4) Reference Architecture (Production-grade)

  • Feature layer: batch features in a lake/warehouse (Parquet) plus online features in a low-latency store (e.g., Redis). Keep offline/online parity via a feature store.
  • Serving layer: real-time inference service (FastAPI, gRPC) with autoscaling; batch scoring for backfills.
  • Observability: metrics (Prometheus), logs (ELK), traces (OpenTelemetry), model metrics (WhyLabs, Arize, Fiddler, custom).
  • Registry & lineage: MLflow or SageMaker Model Registry; artifact versioning; dataset hashes; reproducible training runs.
  • Orchestration: Airflow/Prefect/Dagster for CT; event triggers on data arrival.
  • Governance: access control, PII handling, approval workflows, rollback buttons.

5) Real-World Scenarios

Fraud Detection (Payments)

  • Problem: adversaries adapt; feature distributions shift overnight.
  • Approach: hourly PSI on key signals (transaction amount, device risk score).
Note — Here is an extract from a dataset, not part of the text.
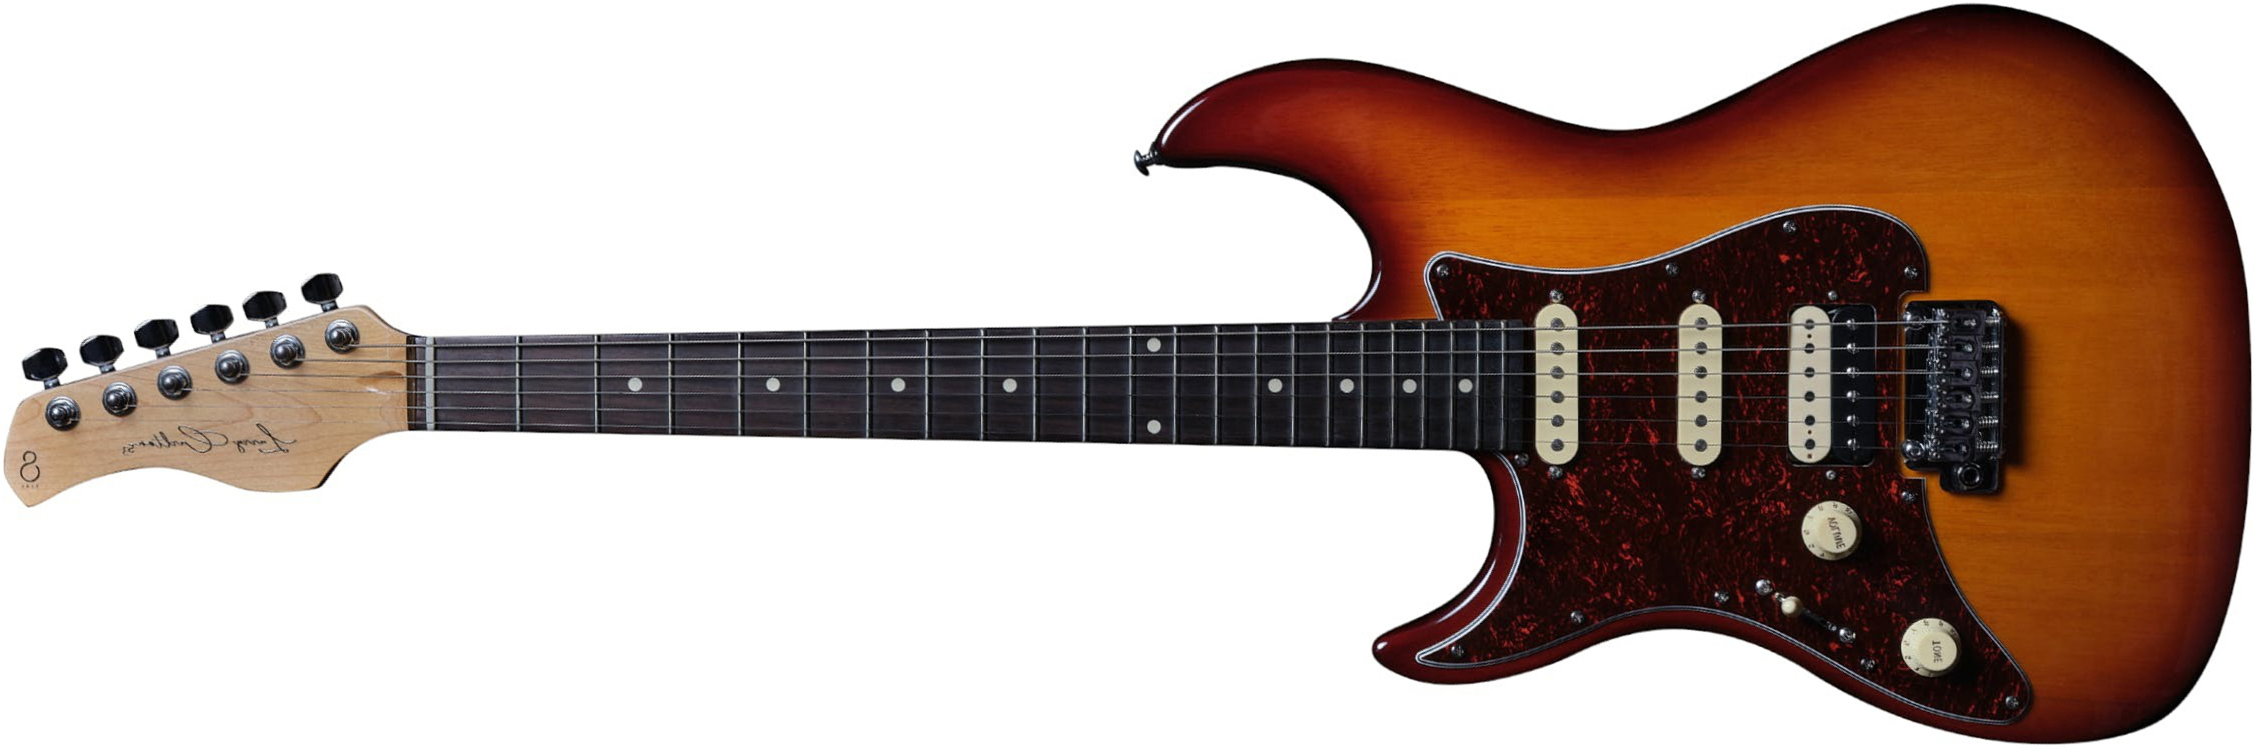 Sire Larry Carlton S3 Lh Signature Gaucher Hss Trem Rw - Tobacco Sunburst - Left-handed electric guitar - Main picture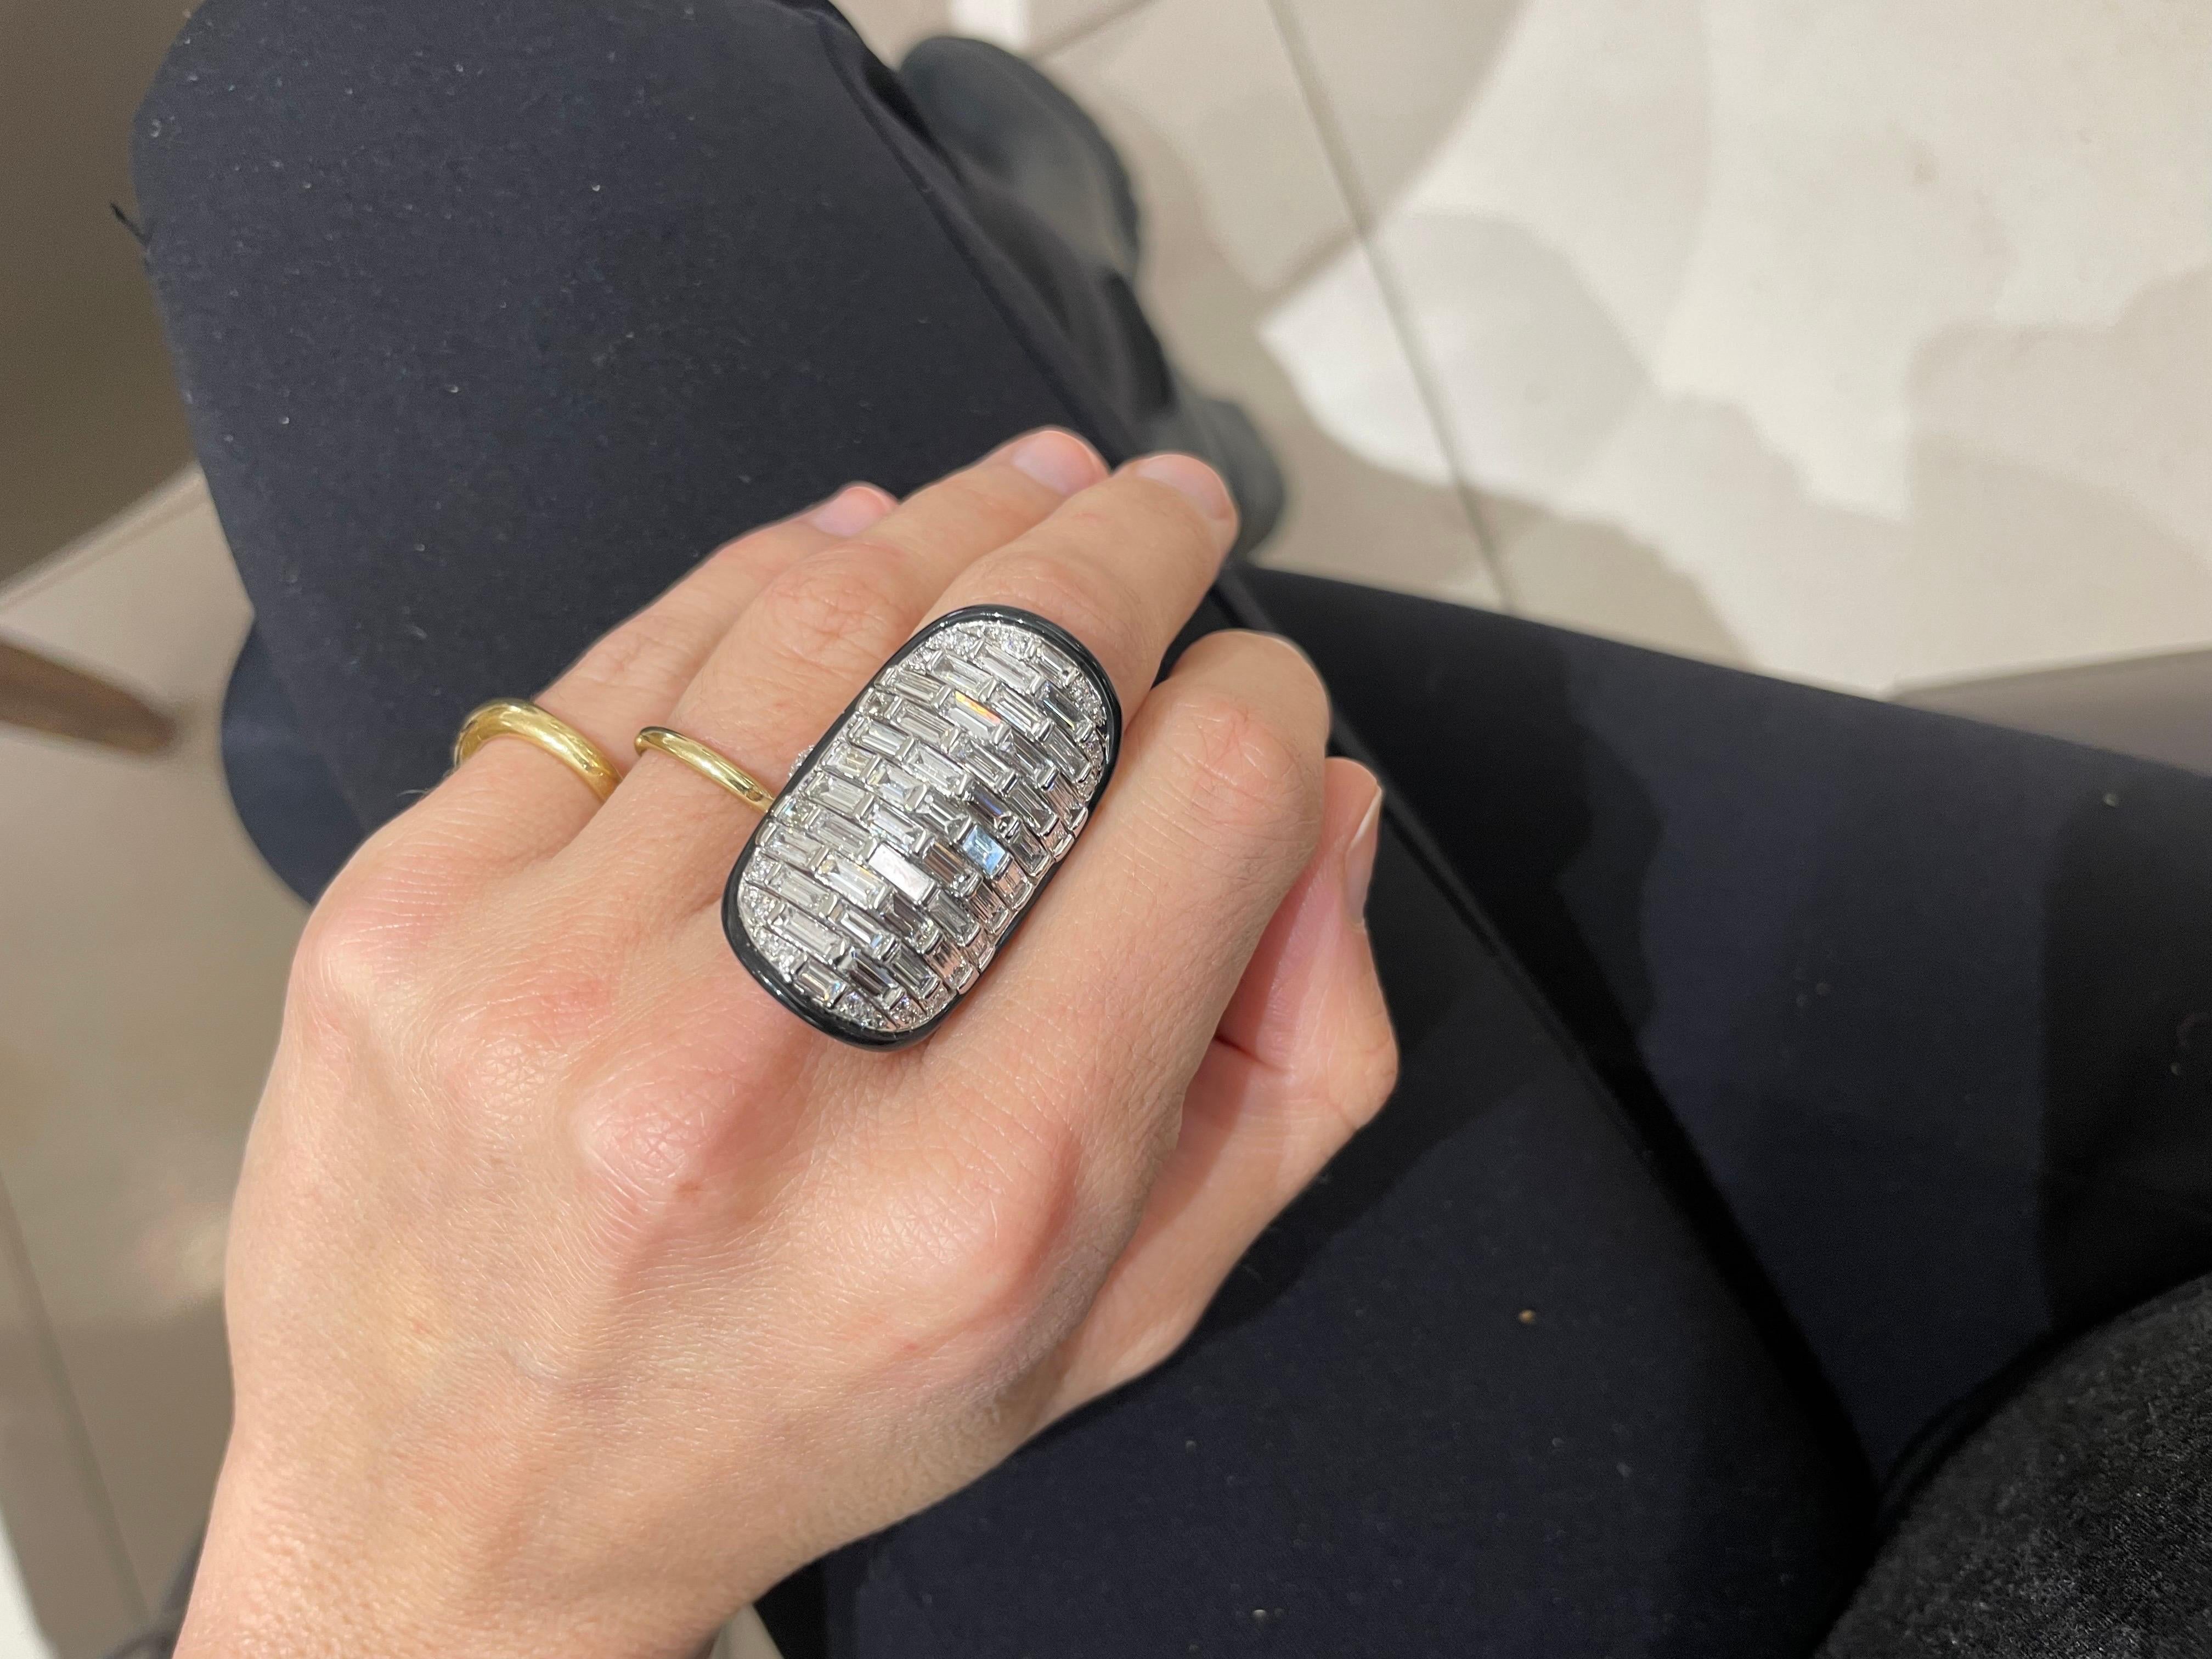 Art Deco inspired 18 karat white gold and diamond ring. The lengthy 1-1/4

If PSI > 0.25, page on-call and throttle risky cohorts; nightly retrain with recent labels.
  • Result: reduced false negatives during attack spikes while containing latency SLO.

Search/Ranking (Marketplace)

  • Problem: seasonal shifts and supply shocks degrade CTR.
  • Approach: calibration monitoring + weekly champion/challenger online test; counterfactual evaluation with logged propensities to pre-screen candidates.
  • Result: sustained CTR lift without regressions during promotions.

6) Fairness, Safety, and Compliance

  • Track metrics by cohort: TPR/FPR parity, equalized odds, calibration gaps.
  • Maintain model cards: intended use, training data, known limitations, caveats.
  • Keep audit trails: who trained what, with which data, and when.
  • Enforce kill-switch and safe defaults if monitoring fails.

7) Runbooks (What to Do When Things Break)

  1. Alarm: PSI high on device_type
  • Check recent product rollouts, bot traffic, geo mix shift.
  • Hotfix: enable robust rules; gradually reweight features; consider temporary threshold rise.
  • Schedule fast retrain on last 7–14 days.
  1. Alarm: Latency p99 up
  • Inspect feature fetch timings; cache hot features; batch external calls.
  • Enable distillation to a lighter model for peak traffic windows.
  1. Alarm: Calibration off
  • Refit Platt scaling/isotonic on latest data; patch via registry without full model retrain.

8) Best Practices (Hard-earned)

  • Test like prod: same feature code for training and serving; avoid training-serving skew.
  • Alert sanity: actionable alerts only; include links to dashboards and playbooks.
  • Slice everything: averages lie — always monitor by cohort.
  • Shadow before ship: run challengers in shadow to de-risk releases.
  • Budget & carbon: track inference cost per 1k requests and footprint; distill when over budget.

Tips for Application

  • When to discuss: system design, production ML, or “why did your model degrade in the wild?”
  • Interview Tip: quantify your ops impact:

    “We added PSI-based drift alarms and a weekly CT job; incident count fell 60%, and time-to-restore dropped from 6h to 45m. Canary + shadow prevented two bad rollouts.”


Key takeaway:
Great ML isn’t just about a high offline metric — it’s about operating the model: monitoring the right signals, reacting fast, and retraining safely so performance holds up in the real world.